I’m currently working with Wikipedia dumps, and to save space, it’s a good thing to make scripts that read directly content from (and write results to) BZipped files.
Setup
Tests where executed on my personal computer:
- i7
- 16GB of ram
On a small Wikipedia dump of 407MB. All timings are in seconds.
bzcat alone
To have a point of comparison, I decompressed the dump using bzcat alone. The timing is 64 seconds.
$ time 1>/dev/null bzcat wikidump.xml.bz2
Using Python
It’s easy enough with Python thanks to the bz2
module that allows to transparently manipulate a compressed file as if it were a normal opened file. Before jumping to Julia, let see how it is done in Python:
from __future__ import print_function
import sys
import bz2
def main():
in_stream = bz2.BZ2File(sys.argv[1])
for line in in_stream:
print(line)
in_stream.close()
if __name__ == "__main__":
main()
Nothing easier, it takes 85 seconds to run.
What about Julia?
Since I really love Julia language, I was tempted to do the same with Julia. Here are the differents solutions that I went through, with their respective timings.
Using bz2 Python module through PyCall
The first naive option is to use the original module from Python. It’s easy enough using the PyCall
module. We can install it like so:
julia> Pkg.add("PyCall")
julia> Pkg.update()
The script:
using PyCall
@pyimport bz2
function main()
in_stream = bz2.BZ2File(ARGS[1])
for line in in_stream
println(line)
end
in_stream[:close]()
end
But then we hit the wall… timing is: 1352 seconds. This is likely due to the conversion between Python and Julia datatypes. So not the best option for a data-intensive usage.
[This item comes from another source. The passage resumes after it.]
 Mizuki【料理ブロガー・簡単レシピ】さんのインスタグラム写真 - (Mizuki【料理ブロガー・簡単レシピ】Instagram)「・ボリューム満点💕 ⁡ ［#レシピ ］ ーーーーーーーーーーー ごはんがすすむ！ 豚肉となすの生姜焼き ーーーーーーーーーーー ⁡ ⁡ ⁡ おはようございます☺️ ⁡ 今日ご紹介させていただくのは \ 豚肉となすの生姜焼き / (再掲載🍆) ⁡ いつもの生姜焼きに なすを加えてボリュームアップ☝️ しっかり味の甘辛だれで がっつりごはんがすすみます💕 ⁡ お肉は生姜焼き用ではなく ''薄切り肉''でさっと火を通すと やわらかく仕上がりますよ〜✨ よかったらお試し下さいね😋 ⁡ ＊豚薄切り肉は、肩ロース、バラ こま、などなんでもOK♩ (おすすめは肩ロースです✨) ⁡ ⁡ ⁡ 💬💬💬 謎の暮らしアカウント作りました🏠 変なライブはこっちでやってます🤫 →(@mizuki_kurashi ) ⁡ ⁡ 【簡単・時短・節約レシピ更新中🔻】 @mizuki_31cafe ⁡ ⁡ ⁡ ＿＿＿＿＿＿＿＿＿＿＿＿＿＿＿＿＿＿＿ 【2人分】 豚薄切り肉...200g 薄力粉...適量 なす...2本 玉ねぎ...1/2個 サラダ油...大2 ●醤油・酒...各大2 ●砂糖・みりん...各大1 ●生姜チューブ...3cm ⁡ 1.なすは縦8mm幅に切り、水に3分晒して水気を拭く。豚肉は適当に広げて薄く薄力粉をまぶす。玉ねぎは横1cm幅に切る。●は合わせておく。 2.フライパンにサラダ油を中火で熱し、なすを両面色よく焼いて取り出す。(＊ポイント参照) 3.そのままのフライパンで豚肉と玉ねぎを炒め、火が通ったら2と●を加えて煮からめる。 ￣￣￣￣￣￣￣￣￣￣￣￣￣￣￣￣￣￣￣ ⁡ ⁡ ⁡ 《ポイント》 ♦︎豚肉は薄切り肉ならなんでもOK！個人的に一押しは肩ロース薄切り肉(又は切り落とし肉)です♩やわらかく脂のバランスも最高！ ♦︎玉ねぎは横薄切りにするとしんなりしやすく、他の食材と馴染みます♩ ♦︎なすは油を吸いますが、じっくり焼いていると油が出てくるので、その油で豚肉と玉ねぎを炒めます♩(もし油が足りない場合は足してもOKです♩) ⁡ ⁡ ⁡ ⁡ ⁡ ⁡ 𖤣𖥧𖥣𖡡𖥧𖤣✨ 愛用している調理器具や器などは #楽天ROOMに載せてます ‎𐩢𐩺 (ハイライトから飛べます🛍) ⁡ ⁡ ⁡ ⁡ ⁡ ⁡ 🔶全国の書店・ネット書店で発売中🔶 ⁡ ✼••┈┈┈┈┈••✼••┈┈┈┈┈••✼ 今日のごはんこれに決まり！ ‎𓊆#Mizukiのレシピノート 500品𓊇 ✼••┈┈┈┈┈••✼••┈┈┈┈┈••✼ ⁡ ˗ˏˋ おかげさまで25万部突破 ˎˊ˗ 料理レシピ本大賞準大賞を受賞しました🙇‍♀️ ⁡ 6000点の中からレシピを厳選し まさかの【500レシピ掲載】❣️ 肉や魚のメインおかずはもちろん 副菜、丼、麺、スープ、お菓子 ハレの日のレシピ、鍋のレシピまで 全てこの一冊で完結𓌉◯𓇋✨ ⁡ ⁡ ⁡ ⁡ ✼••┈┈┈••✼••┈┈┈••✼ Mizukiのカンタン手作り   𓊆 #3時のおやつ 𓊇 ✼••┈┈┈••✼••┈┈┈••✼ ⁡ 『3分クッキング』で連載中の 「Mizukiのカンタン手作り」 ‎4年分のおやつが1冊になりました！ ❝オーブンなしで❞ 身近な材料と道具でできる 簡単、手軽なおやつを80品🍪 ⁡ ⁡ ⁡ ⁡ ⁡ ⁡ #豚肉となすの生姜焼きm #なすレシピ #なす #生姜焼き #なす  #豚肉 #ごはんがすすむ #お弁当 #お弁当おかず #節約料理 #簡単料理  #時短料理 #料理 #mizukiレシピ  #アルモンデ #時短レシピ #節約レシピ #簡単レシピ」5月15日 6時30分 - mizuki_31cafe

Piping result of bzcat to Julia
The second option that came to my mind was: “why not using bzcat?”. It’s easy enough, we just have to read from STDIN
:
function main()
for line in eachline(STDIN)
print(line)
end
end
Here is the invocation:
$ bzcat wikidump.xml.bz2 | julia bz2_bench.jl
Timing is now a more reasonable 72 seconds. So that is less than the Python version shown above. But this is not satisfactory enough. Why not use the wonderful capabilities of Julia to run external commands an pipe results?
Invoking bzcat from Julia
It is easy to invoke commands from inside Julia using backquotes: run(`cmd`)
and |>
to pipe between commands and streams. Let’s do it:
function main()
file = ARGS[1]
run(`bzcat $(file)` |> STDOUT)
end
The script is equivalent to: bzcat wikidump.xml.bz2
, but it’s quite impressive to see how easy it is to do this inside a Julia script. This time is about 66 seconds, more or less the same than with the external piping from bzcat
.
But it would be useful to get lines of contents from the stream, like it was in the original Python script. For this task, Julia standard library offers a multitudes of handy functions. The one we will use is readsfrom
that returns two things: stdout of the given process, and the process itself. Here it is in action:
function main()
file = ARGS[1]
stdout, p = readsfrom(`bzcat $(file)`)
for line in eachline(stdout)
print(line)
end
end
Timing is now about 74 seconds, this is 10 seconds faster than the first Python version. But we don’t rely on a module. Instead, we make use of the ability to play with command invocations, stream pipings, and the like that Julia allows.
Timings
Timings are relatively close since the big work is done in the decompression, that’s why there isn’t much difference between Julia and Python.
Conclusion
I was first tempted to implement a Julia wrapper over bzlib, but what for? When it’s so easy to invoke external commands and manipulate their input and output streams. Julia is a young language, but it’s so flexible and extensible, that often I forget about it!